**Supplied information**
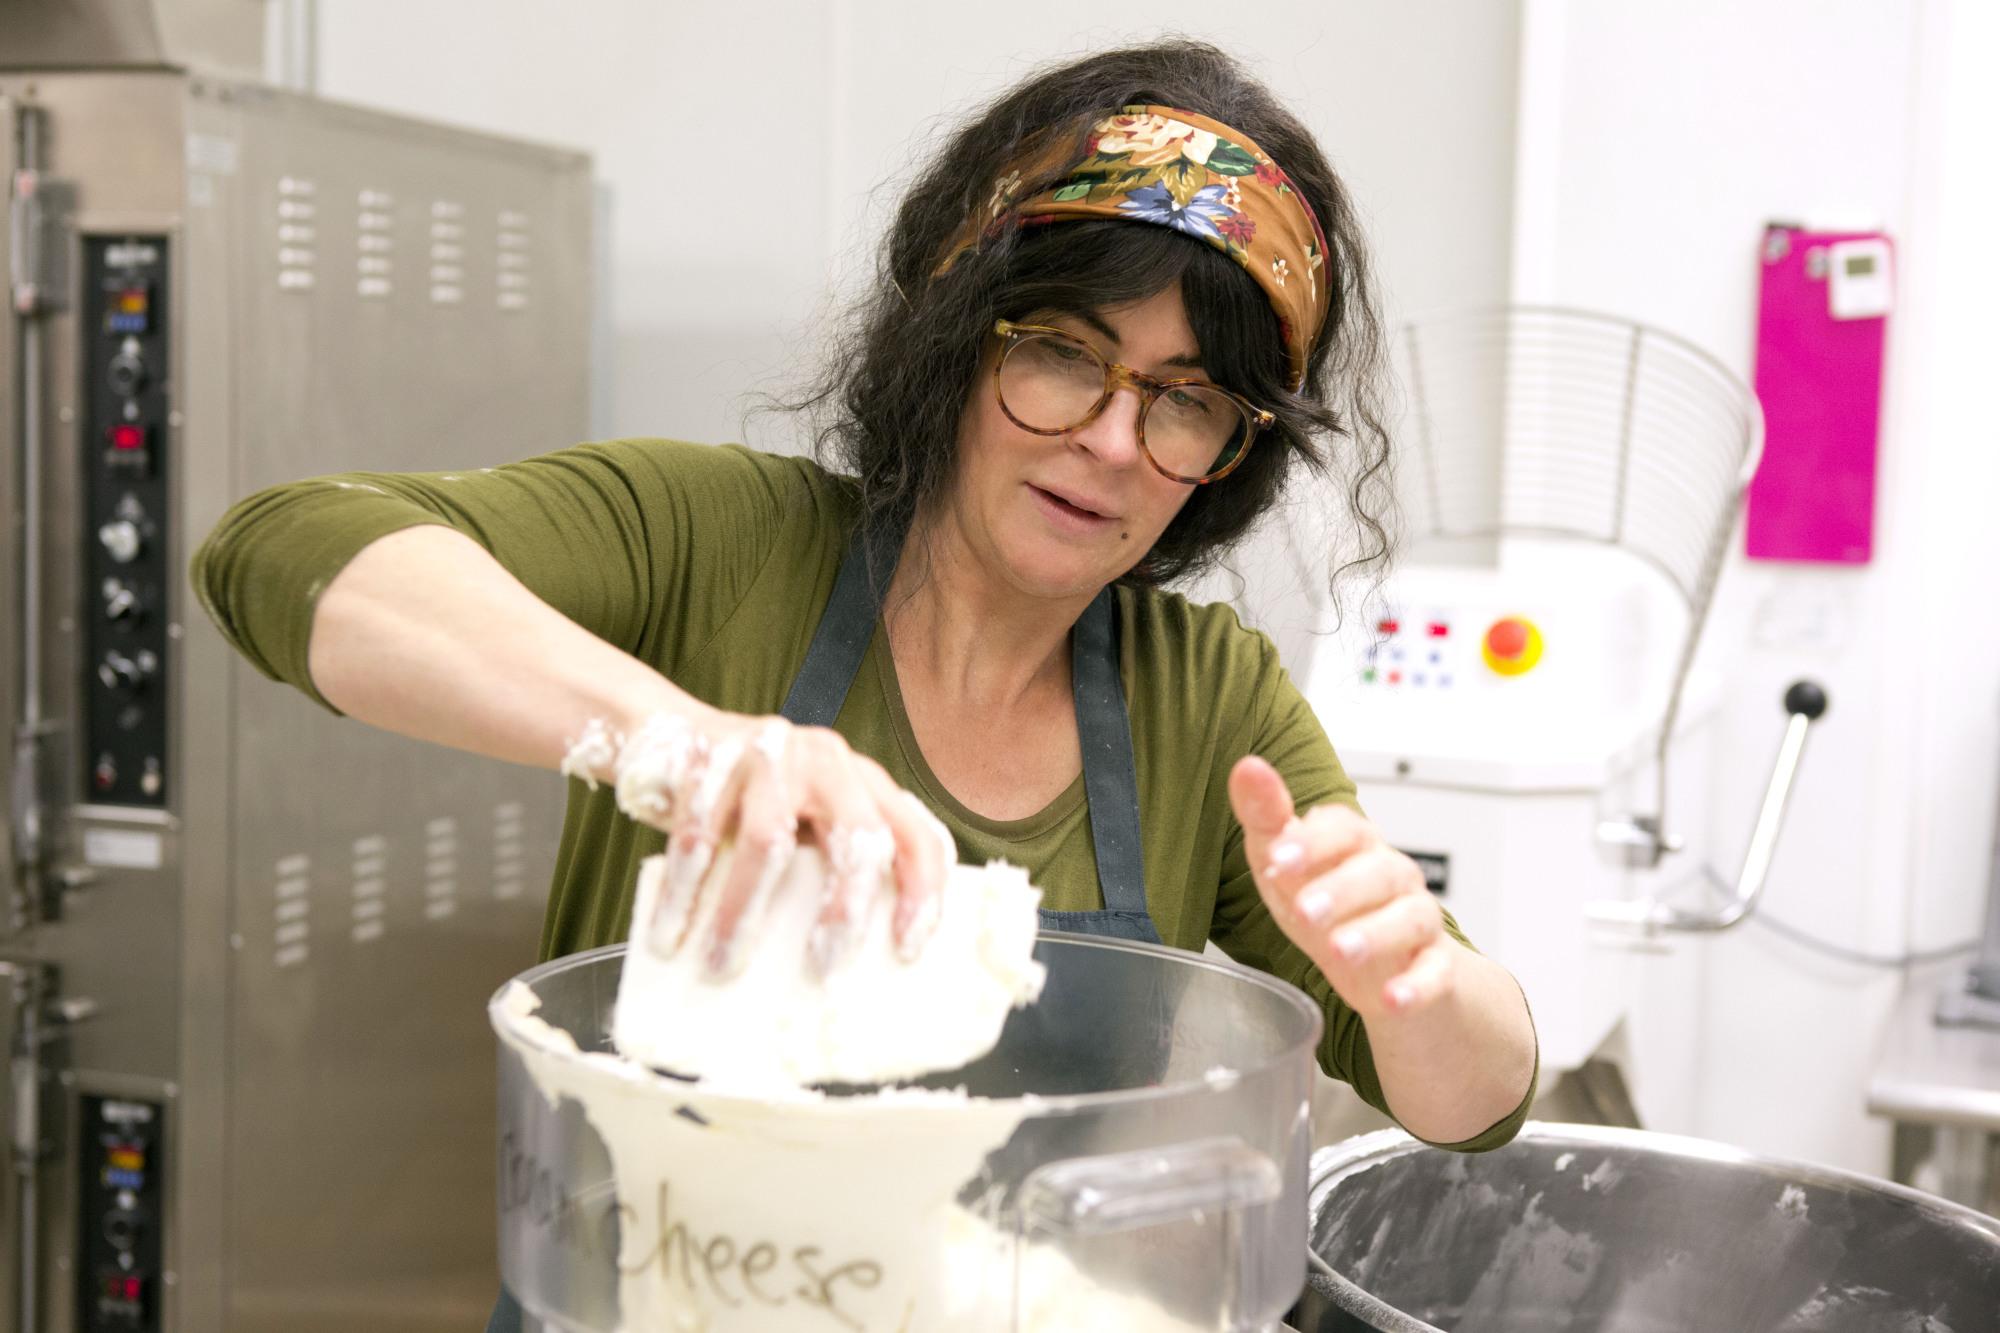 Mixing cupcakes
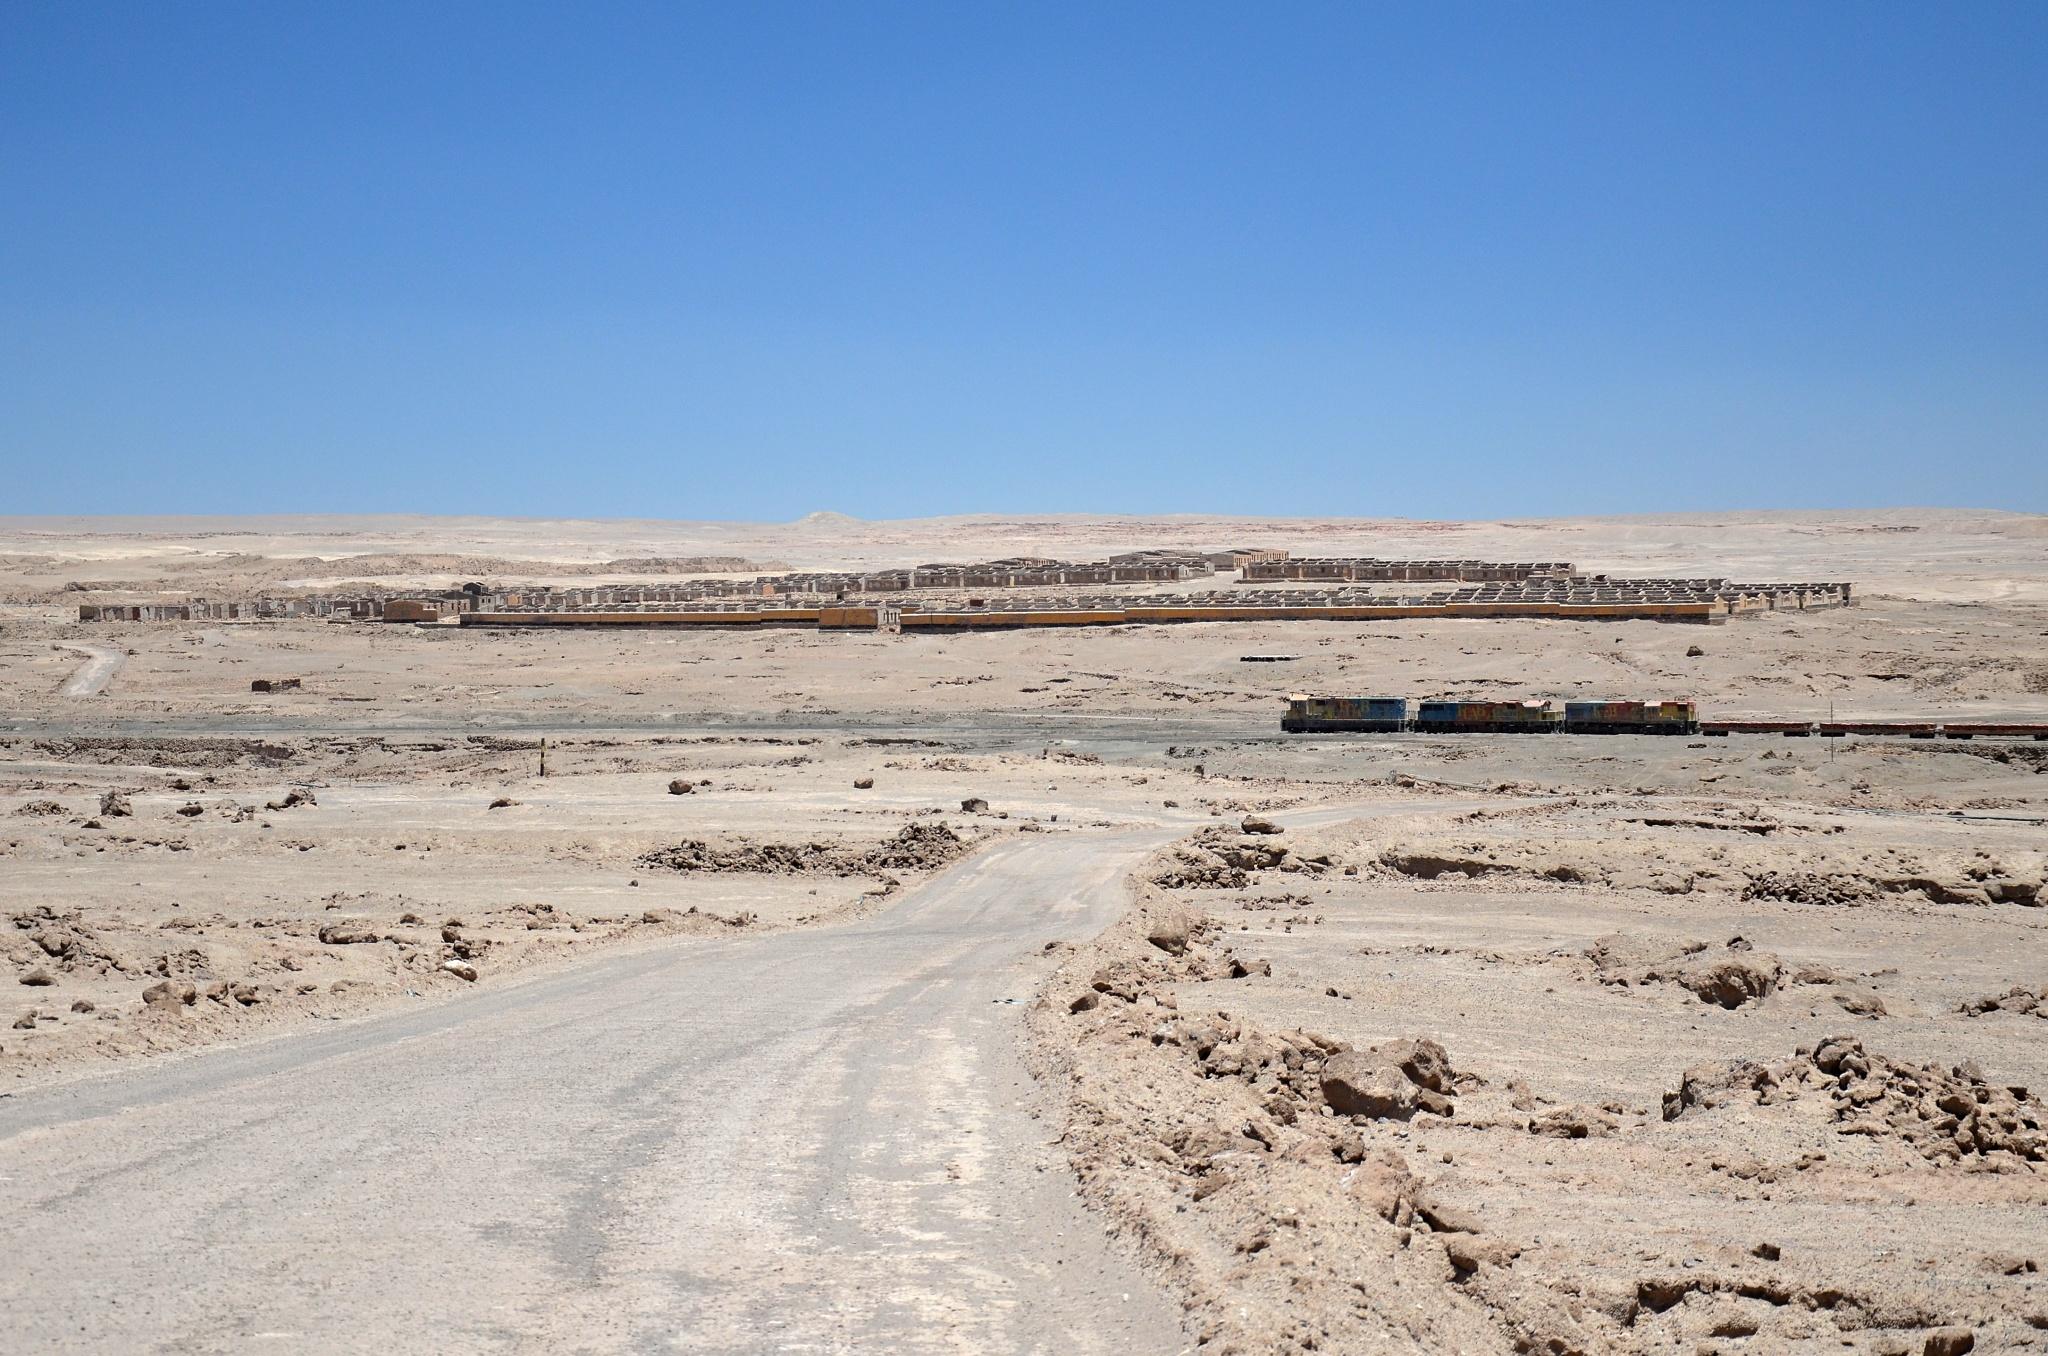 Továrna na zpracování ledku Francesco Puelma a u ní dlouhý vlak
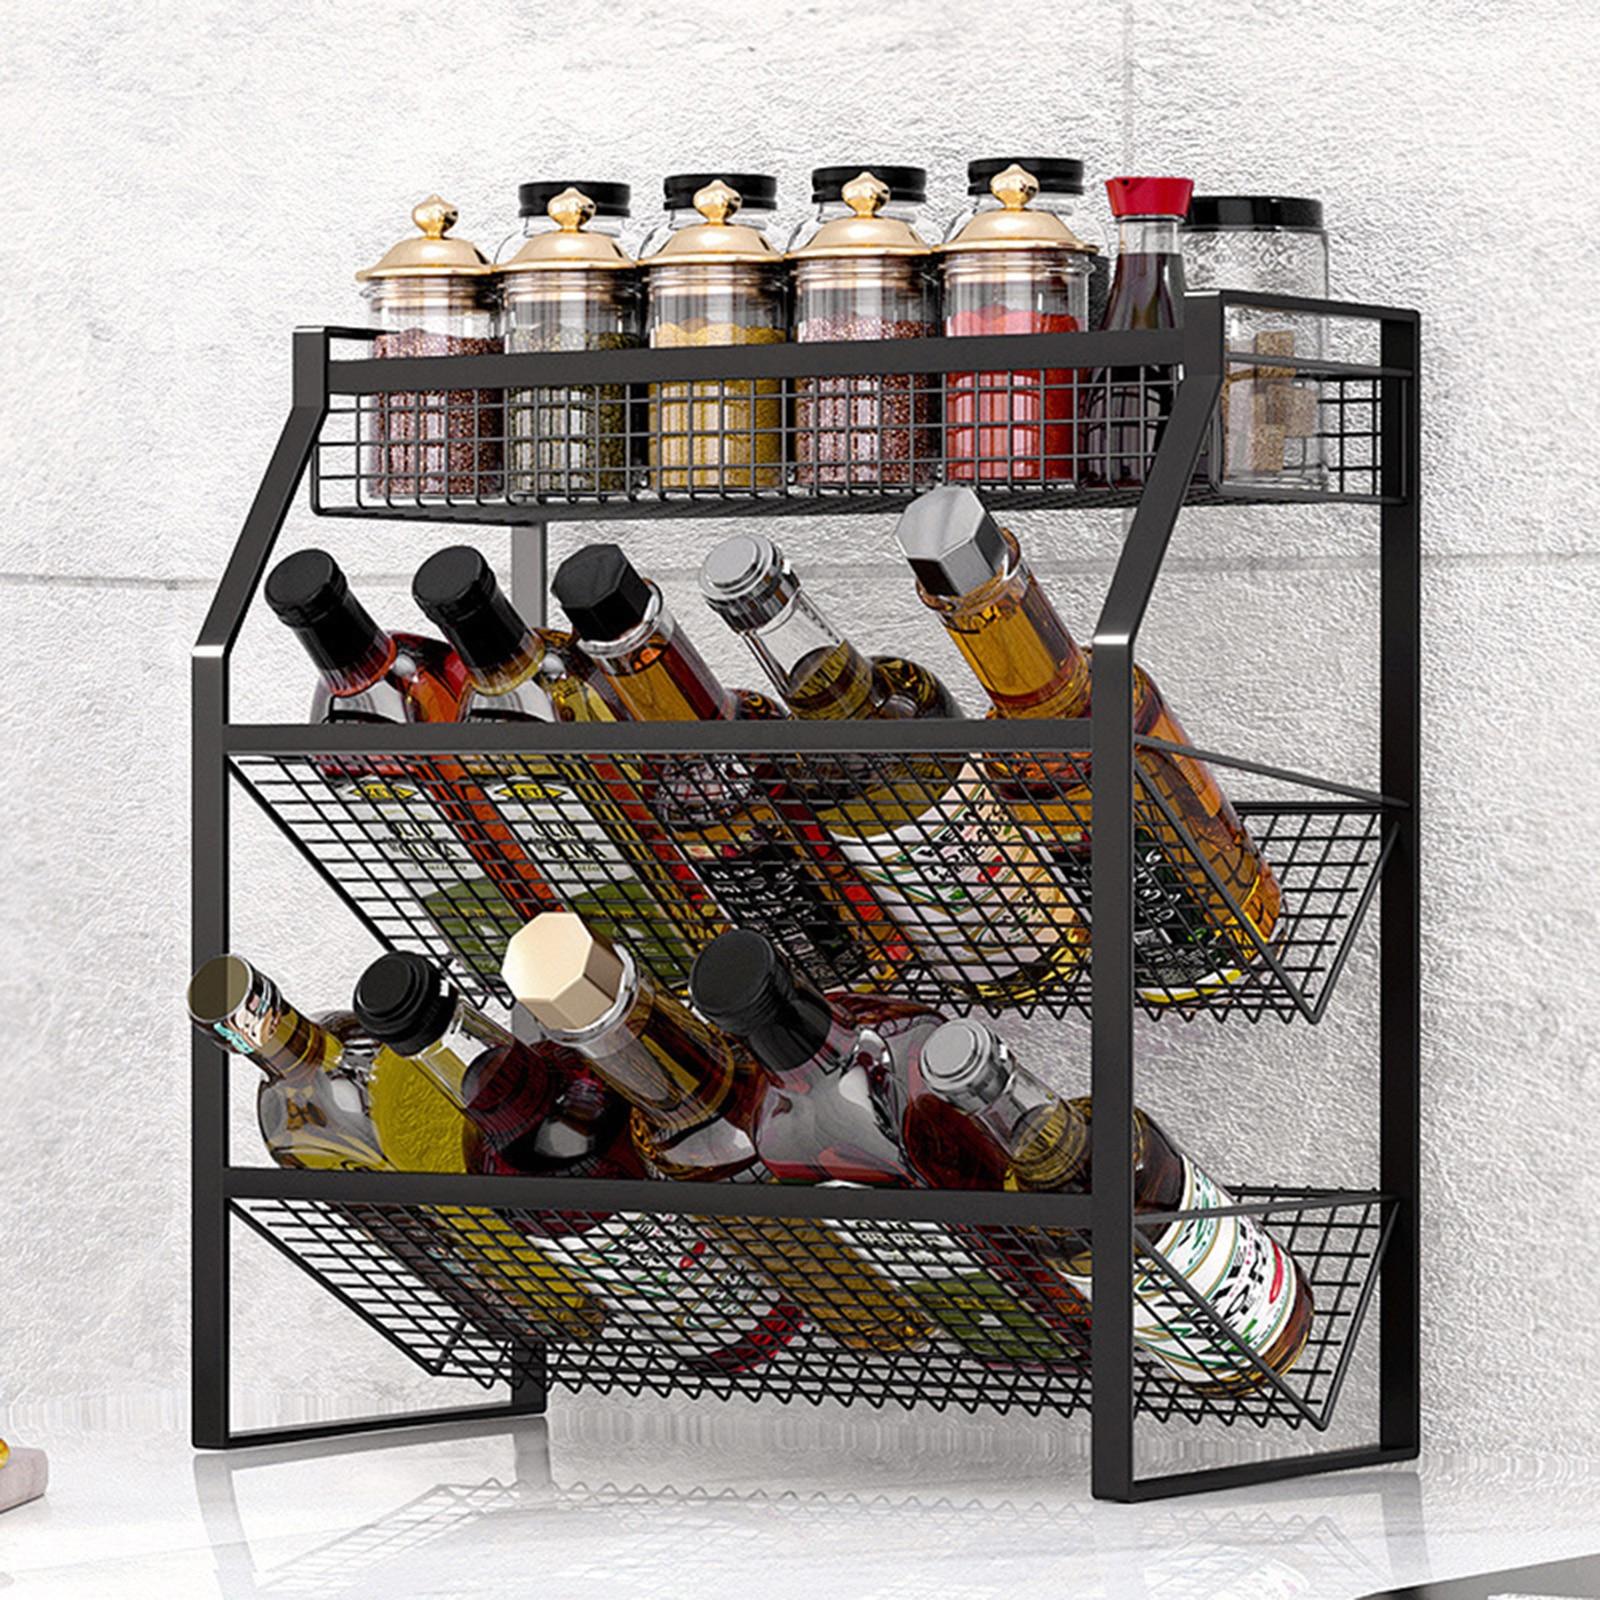 رف تخزين متعدد الأغراض من 3 مستويات ، رف مطبخ قابل للتكديس لتخزين صلصة التوابل

**Exercise instructions**
Please print the entire listing again exactly, minus its images.

**Result for this task**
 Mixing cupcakes
 Továrna na zpracování ledku Francesco Puelma a u ní dlouhý vlak
 رف تخزين متعدد الأغراض من 3 مستويات ، رف مطبخ قابل للتكديس لتخزين صلصة التوابل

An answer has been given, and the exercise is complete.